Сальмон, обычно пишущий в грандиозной манере французской прозы прошлого о людях в живописи настоящего, которые не верят в грандиозную манеру (сценический пот и хвастовство), ни в великий жест, говорит поразительные вещи. Слушайте! Слушайте! «Et dans sa demi-retraite André Derain achevant les œuvres peut-être les plus vastes de son temps» и так далее. (Андре Дерен, наносящий последние штрихи к работам, которые, возможно, являются самыми обширными в эпоху.) Фигурные картины Дерена не похожи на его пейзажи. Фигурные картины — из прошлого; пейзажи — сегодняшнего дня.
Я вспоминаю холст Дерена, который видела в Париже: дорога на юге Франции где-то, магия в простоте; нелегко распутываемое очарование. Я ношу его в своей памяти. Он массивный, с божественным мастерством какого-то огромного тревожного хаоса. Тревожно! Новые глаза мира иногда являются вещами, которые стоит рассмотреть.
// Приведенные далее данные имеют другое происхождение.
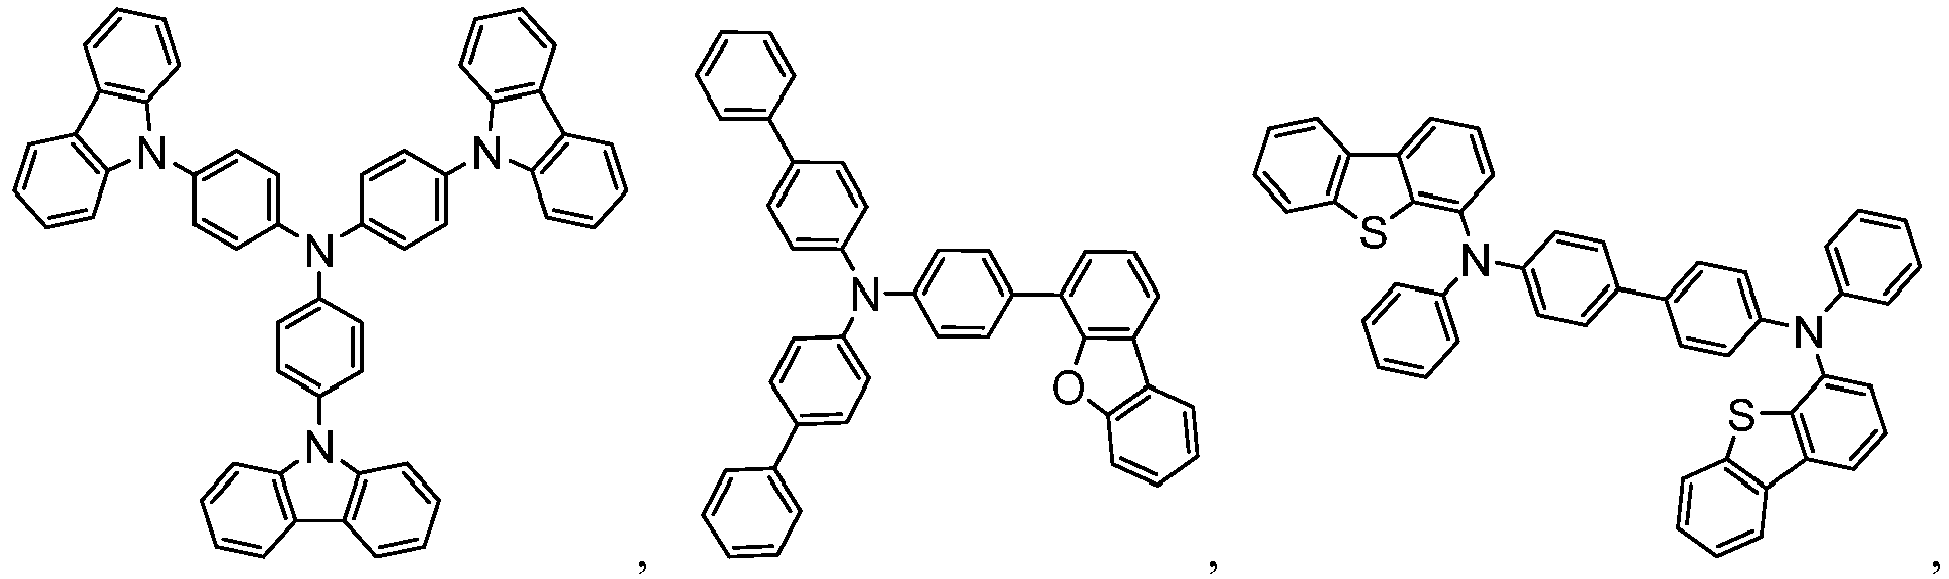 Figure imgb0870
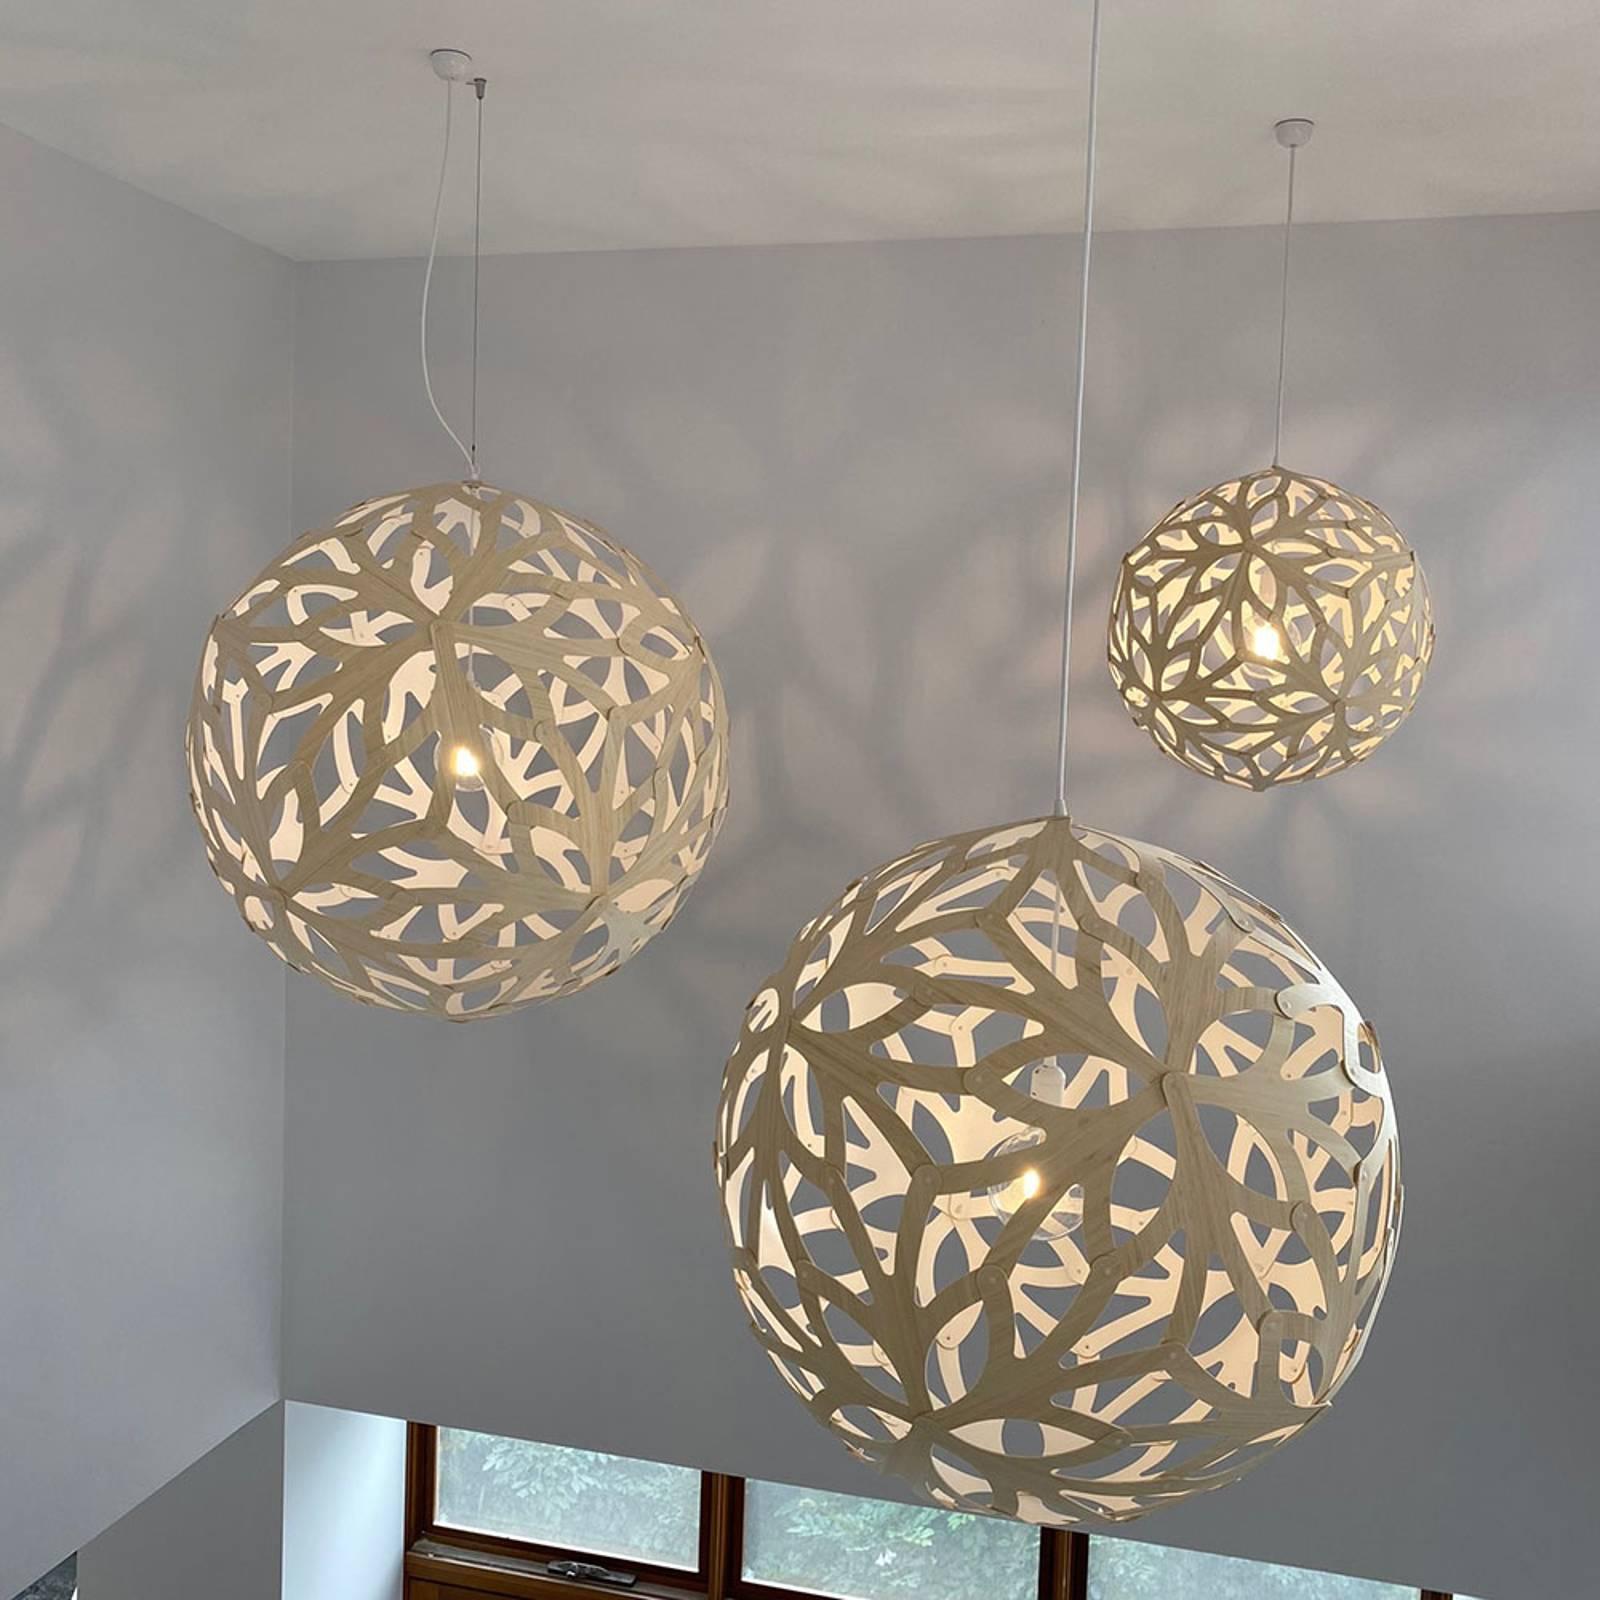 david trubridge Floral lampa wisząca Ø 80cm

И с осторожностью.
Adonis is dead and the Loves are lamenting!
Я цитирую греческую песню в честь Аполлинера, чьей магии пера современные люди в пластических искусствах обязаны введением сначала к славе, во-вторых, к долларам, затем обедам, в регулярной, не уменьшающейся последовательности.
Ах, Аполлинер! Восхитительный бродяга искусства. Второй сын и тезка Аполлона! Я сожалею о вас! Моим утешением должно быть покупка как можно большего количества ваших ранних сочинений. «Ниневию» я жажду, как голодный еды. Пожалуйста, пролистайте «Ниневию», Аполлинер, для меня в вашем ярком Раю! Я уверена, что «Ниневия» там. И вы тоже!
Самый странный из контрастов в Аполлинере — это то, что он, лидер модернистов, должен был любить старомодных, сентиментальных, романтических писателей Германии, таких как Шамиссо.... Тоска по чему-то далекому....
«Эль Греко, или Тайна Толедо» Мориса Барреса имеет твердое, точное построение; архитектурный рисунок. Это дает уверенность, равновесие, надежность. Прекрасно сделано, ясно, точно, благородно задумано, без зияющих пустот, которые нужно тщетно заполнять. Он пишет восхитительно. Он старый друг, тот, кто пытался установить le culte du moi, нечто старое как холмы, потому что это то, что все художники намереваются делать, но что ему удалось сделать, возможно, лучше, чем остальным.
Проза Барреса напоминает настенные росписи Пюви де Шаванна: bleu de ciel, на фоне которого движутся белые интеллектуализированные фигуры. Есть случайный клочок сверкающего золота.
Золотой век цветной расы прямо перед нами. Концепция «превосходства» — это нечто странное. Та радость, которую цивилизация веками высасывала из белой расы, хранится в них; цивилизация убила. Если мы собираемся продолжать творить, что-то должно будет выйти на свет, чтобы осветить наши сердца, а затем позже согреть их.